The company went to the same bank that they have been a customer of for more than 25 years and requested the loan.  MRITI worked very hard to ensure that it received the best rate and terms that it could possible get and was surprised when the quoted rates was only prime plus 1%.  Needless to say the company jumped on the opportunity.

However, some 5 years into the loan, MRITI was having some issues in collecting prompt payments from its customers and this strain on its cash flow forced the company, in January of 2009, to send that month’s payment in to the bank the afternoon on the day the payment was due (normally MRITI would send in its payments a few days early).

The following month, the company noticed that its monthly interest charges were up some 45% over the previous month and that their interest rate had jumped to prime plus 9%.  The reason that the bank increased their interest rate was again buried in the fine print.  The bank – hidden deep within the loan documents – included a clause that stated that all payments were, not only due on the due date, but due by 8:00am ET on the due date and that the bank could re-price both the rate and terms of the loan should the borrower remit payment after this date and time.  Thus, even if MRITI was 1 second late, their bank could simply increase their interest rate without notice and without approval of the borrower.

Many businesses looking for ways to increase revenue and reduce costs are now turning to hiding disclosures in the fine print.  While this is not a new practice, it does seem to be becoming more common place.

Businesses today don’t want to openly show customers where they are cutting back services or modifying policies, while charging the same or greater prices, as they know some customers will run for the door.  Thus, it seems that they figure as long as they can keep you in the dark with the fine print (and still comply with state and federal laws) their customers (you and me) will continue to pay.  And, for the most part, they are right.

Most busy business owners do not take the time to fully read the documents they sign.  Instead they tend to rely on the sales persons to tell you about the cons as well as the pros of the deal or purchase.  But, by not reading and understanding the entire document, business owners are just opening themselves up to these types of shenanigans; costing themselves nothing but time, energy and, more importantly, money.

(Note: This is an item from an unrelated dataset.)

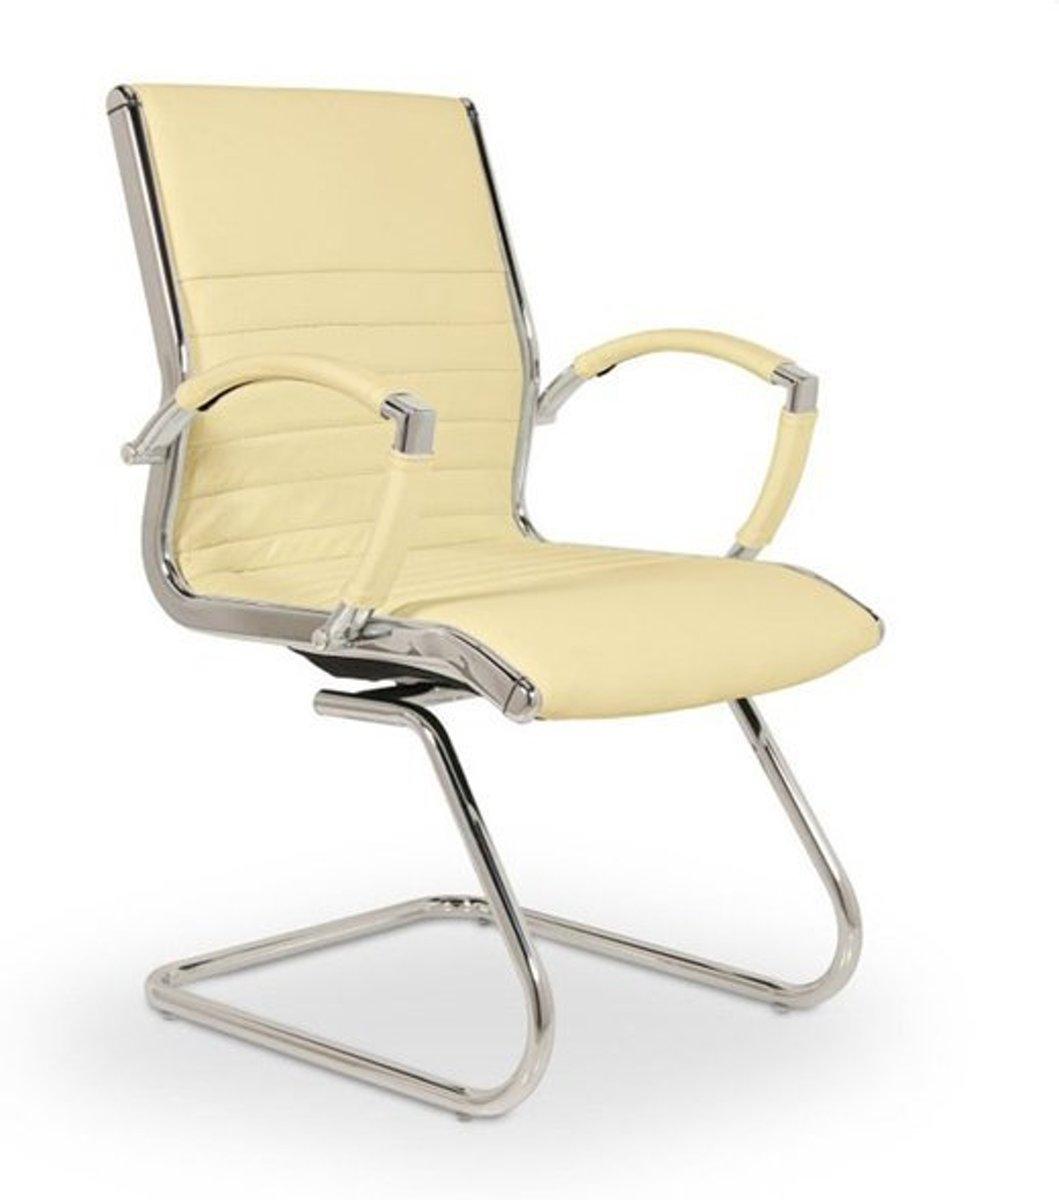 Vergaderstoel - Bureaustoel - Conferentiestoel - Bezoekerstoel - wachtkamerstoel - Lincoln design beige (100 % echt leder) kopen

Further, while it would seem that only unscrupulous companies and individuals would employ these tactics, as more firms get away with them (showing how easy it is to pull the wool over customer’s eyes), then more and more companies (even those with good reputations) will begin to use them regardless if it is right or wrong.  As we allow this to continue, we will start to hear very common, but very troubling, statements coming from businesses employing these bad strategies; “well, everyone else is doing it – it is just the ways things are done now” – essentially creating a new status quo where it is OK to rip off and hide facts from your customers – in hopes they will never find out.

To protect yourself and all that you have worked for in your business, read the fine print.  A little time taken now will surely save your business time and money in the long run.